“The biggest problem with this deafening, joyless cash-dash is the eponymous presenter”
Beast Games, Amazon Prime Video
“The biggest problem with this deafening, joyless cash-dash is the eponymous presenter. Mr Beast is James Stephen Donaldson, a 26-year-old North Carolina university dropout who made his name posting stunts on YouTube (including a video where he spent an entire day counting to 100,000). That brash, shouty persona – he is evidently unfamiliar with the concept of an “indoor voice” – may go down a treat on social media. Under the withering lights of a TV studio, his dorky anti-charisma creates a huge void which the flashy production values (and Prime Video’s $100 million budget) cannot fill.”
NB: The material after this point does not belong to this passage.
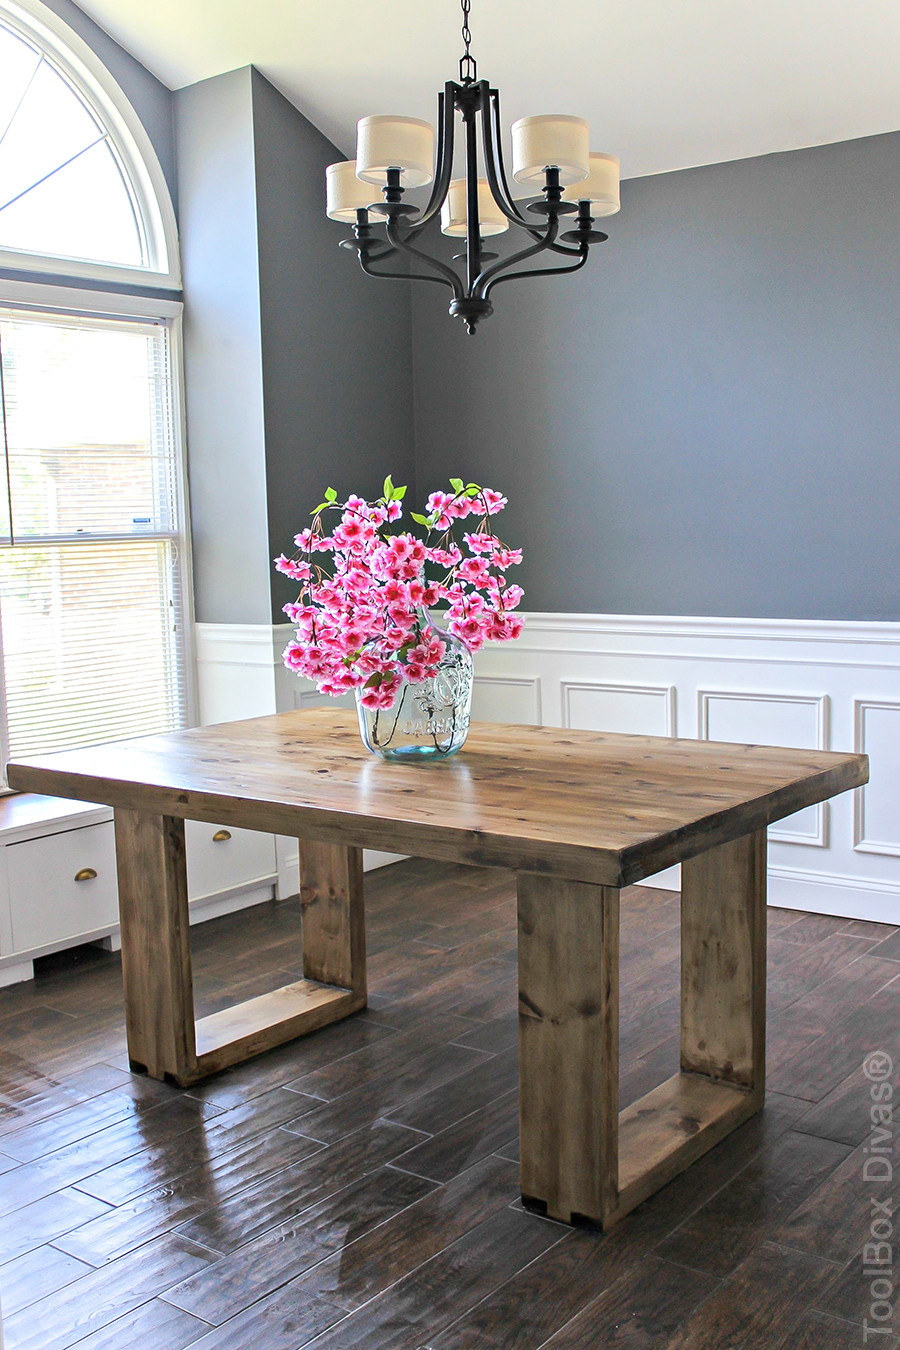 Best ideas about DIY Modern Dining Table
. Save or Pin DIY Husky Modern Dining Table Now.

The Great British Sewing Bee Celebrity Christmas Special, BBC1
“It was a very jolly programme, though, with most of the humour coming not from the host Sara Pascoe but the comedian Fatiha El-Ghorri. “If you look in the bin there, you’ll find my will to live,” she said at one point. There was also humour from Charlotte Crosby, who found celebrity via Geordie Shore and has naturally funny bones, revealing that she had ironed her skirt that morning with her hair straighteners and thought ironing clothes was a “thing of the past”. Hear, hear. I rarely iron anything. Esme Young was in a playful mood. “I love a Christmas sausage,” she said. Steady on, Esme.”
Miracles, Sky Max
“Miracles roams the same emotional terrain as Noel’s Christmas Presents used to do at this time of year, before Edmonds found cosmic ordering and a higher calling. The big difference – which becomes increasingly conspicuous as the programme goes on – is that the good people and the charities to which they are dedicated do not get any reward other than being shown a few magic tricks. This feels unmistakably off. The feeling crystallises – for this viewer at least – into marked dissatisfaction when, at the end of the final (spectacular) stunt, involving Frayne walking on empty air between a building and a huge Christmas tree to light the latter, the assembled good people are given presents that turn out to be wooden boxes inscribed with inspirational messages. It leaves a mean, sour taste in the mouth. It would have cost so little to end things differently.”